Family Courts Have Jurisdiction to Renew Restraining Orders Issued by Juvenile Courts
Maria Garcia (“Appellant”) and Gilbert Escobar (“Respondent”) dated for seven years before separating. Appellant and Respondent had one child. Appellant’s family law attorney filed a request for a restraining order against Respondent in family law court. The case was eventually transferred to juvenile court. The juvenile court issued a restraining order protecting Appellant from Respondent. The order was on a form mandated by the Judicial Council, which referenced both the Welfare and Institutions Code and the Family Code. Prior to the expiration of the restraining order, Appellant’s family law attorney filed a request for a domestic violence restraining order in family law court. A copy of the juvenile court’s restraining order was attached to Appellant’s declaration. At the outset of the hearing concerning Appellant’s requested restraining order, the family law court indicated that it understood Appellant’s application as a request for a restraining order, and not a request for the renewal of a restraining order. The family law court ultimately concluded that it did not have jurisdiction to renew the restraining order because it was issued by the juvenile court. Thus, the family law court issued a one-year restraining order, which protected both Appellant and Respondent.

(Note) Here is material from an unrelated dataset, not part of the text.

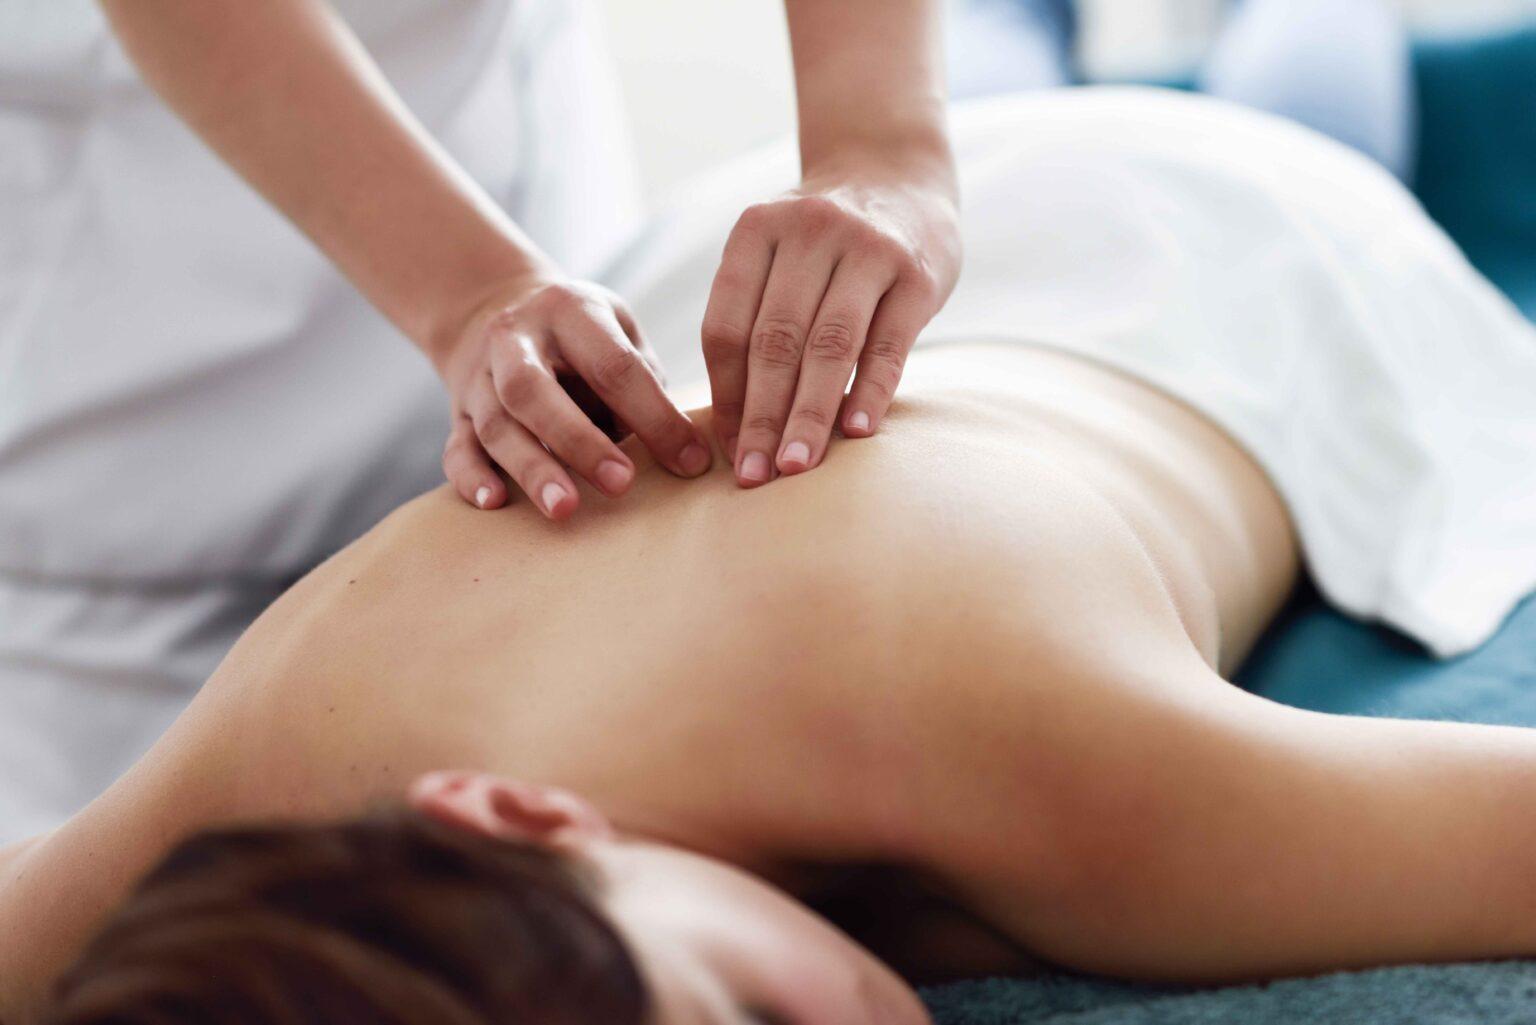 Frau liegt auf einer Liege und bekommt eine medezinische Massage

The Court of Appeal held that the family law court erroneously concluded that it lacked jurisdiction to renew Appellant’s restraining order. Family Code section 6345 provides: “In the discretion of the court, the personal conduct, stay-away, and residence exclusion orders contained in a court order issued after notice and a hearing under this article may have a duration of not more than five years, subject to termination or modification by further order of the court either on written stipulation filed with the court or on the motion of a party. These orders may be renewed, upon the request of a party, either for five years or permanently, without a showing of any further abuse since the issuance of the original order, subject to termination or modification by further order of the court either on written stipulation filed with the court or on the motion of a party. The request for renewal may be brought at any time within the three months before the expiration of the orders.”

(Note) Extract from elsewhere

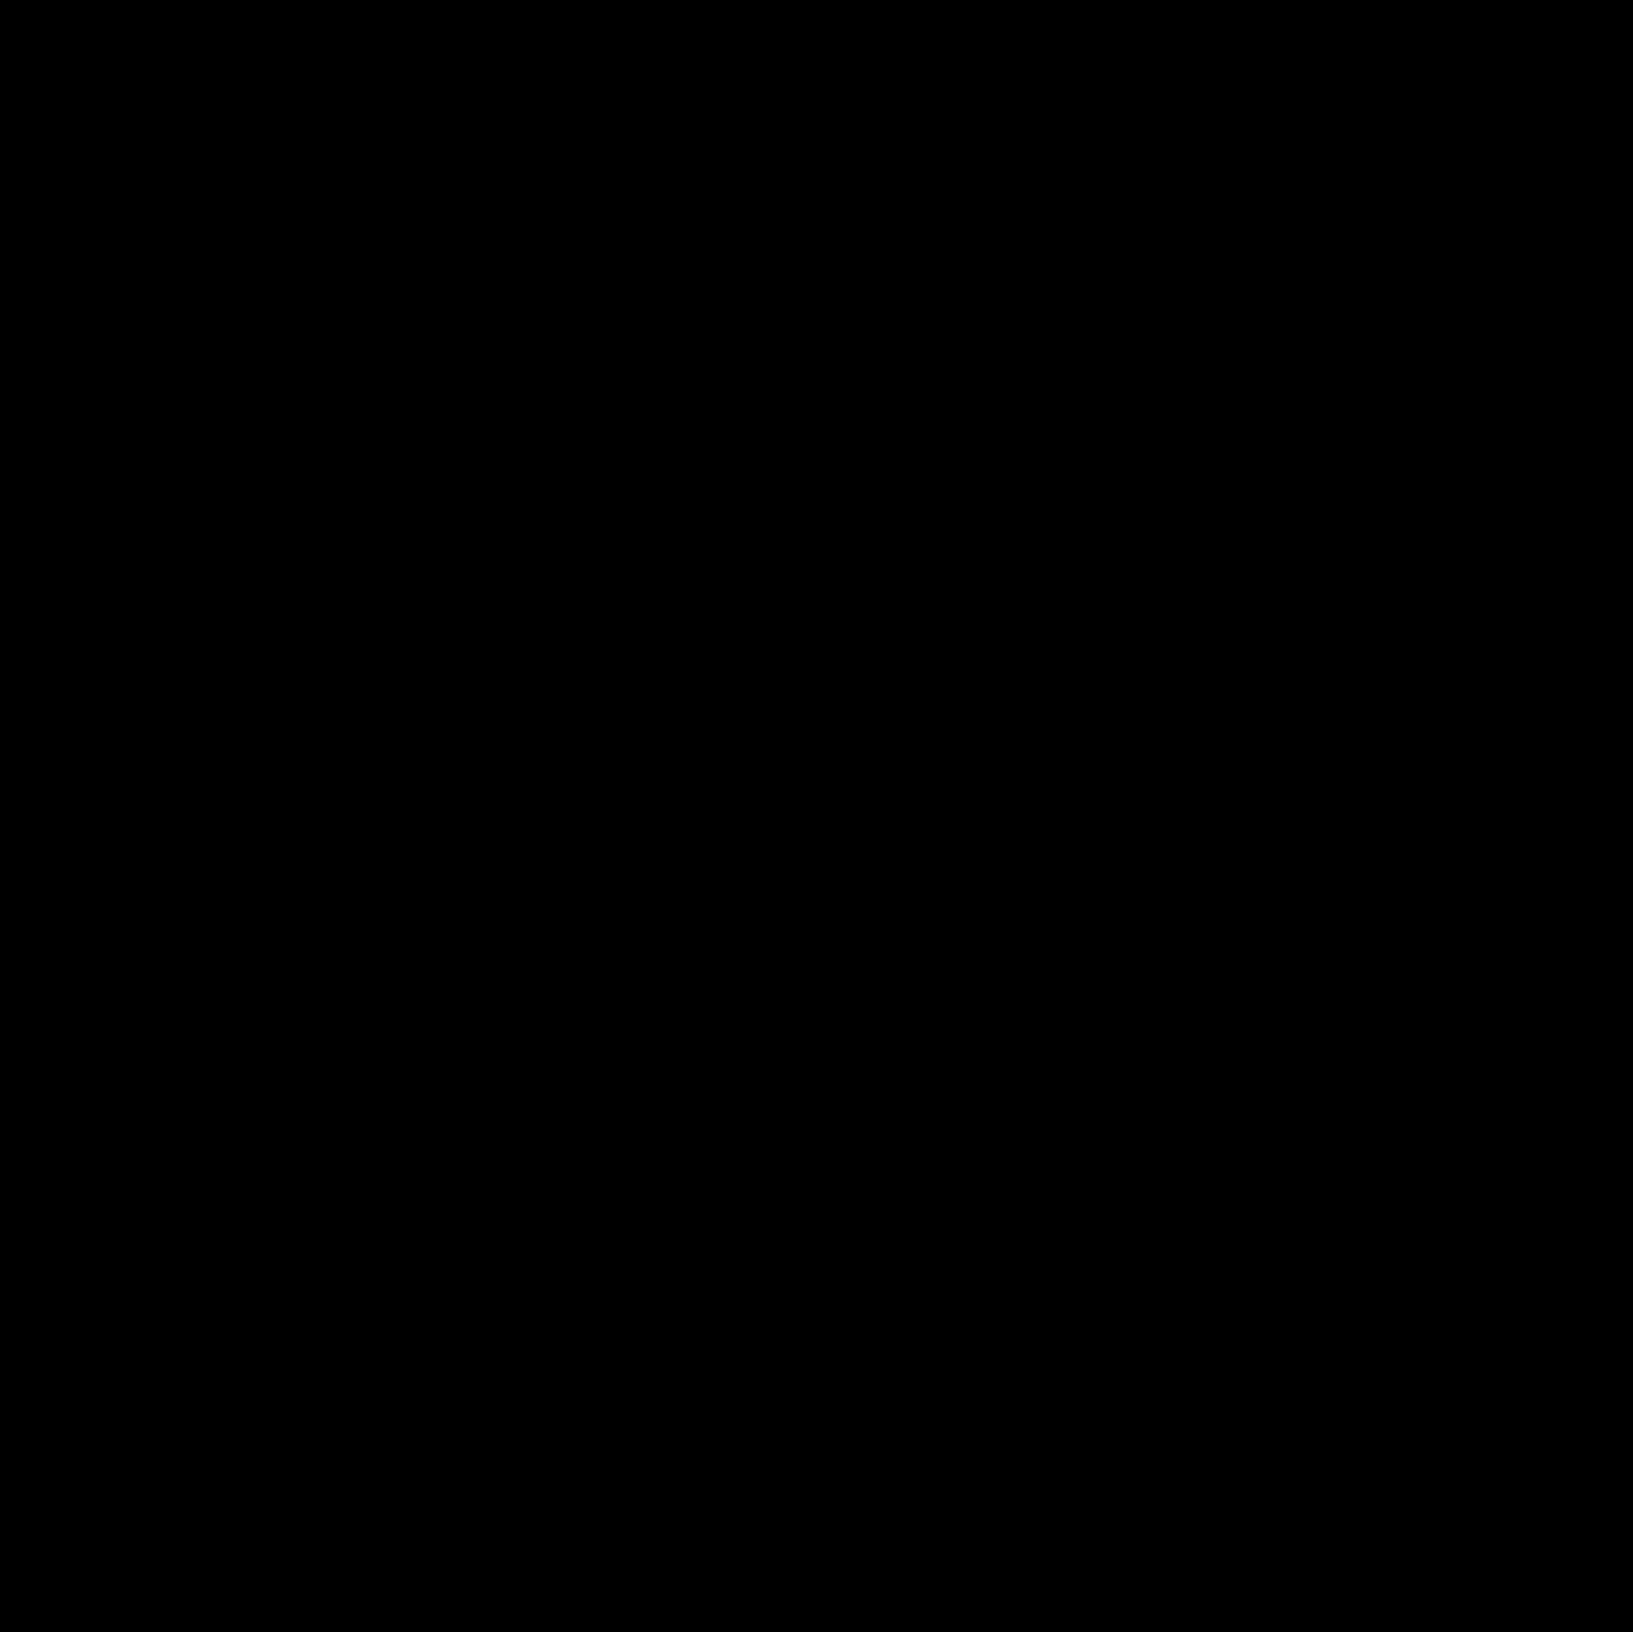 Abstract Vortex Round Shape

The Court of Appeal noted that section 6345 applied not only to restraining orders issued by the family law court, but also to restraining orders issued by the juvenile court. When a Welfare and Institutions Code section 300 petition is filed in juvenile court, the juvenile court has jurisdiction to issue restraining orders until the petition is dismissed or the dependency is terminated. The jurisdiction of the juvenile court is not affected by the jurisdiction of the family law court. However, once the juvenile court terminates jurisdiction, the family law court assumes jurisdiction over restraining orders issued in juvenile court. Even when the juvenile court has jurisdiction, the Family Code applies to protective orders issued by the juvenile court. Both courts apply the same definitions of abuse when issuing restraining orders.
Based on the foregoing, the Court of Appeal reasoned that, by its plain language, Family Code section 6345 is not limited to restraining orders originating in family law court. Section 6345 requires that the order sought to be renewed was issued “after notice and a hearing under this article.” Here, the juvenile court’s order was an “order after hearing.” Thus, the conduct restrained was identical to conduct described in the Family Code warranting protection. The Court of Appeal agreed with Appellant’s divorce lawyer and ordered that the restraining order issued by the juvenile court was subject to renewal by the family law court. Accordingly, the Court of Appeal held that the family law court erred in concluding that it lacked jurisdiction to renew the restraining order issued by the juvenile court.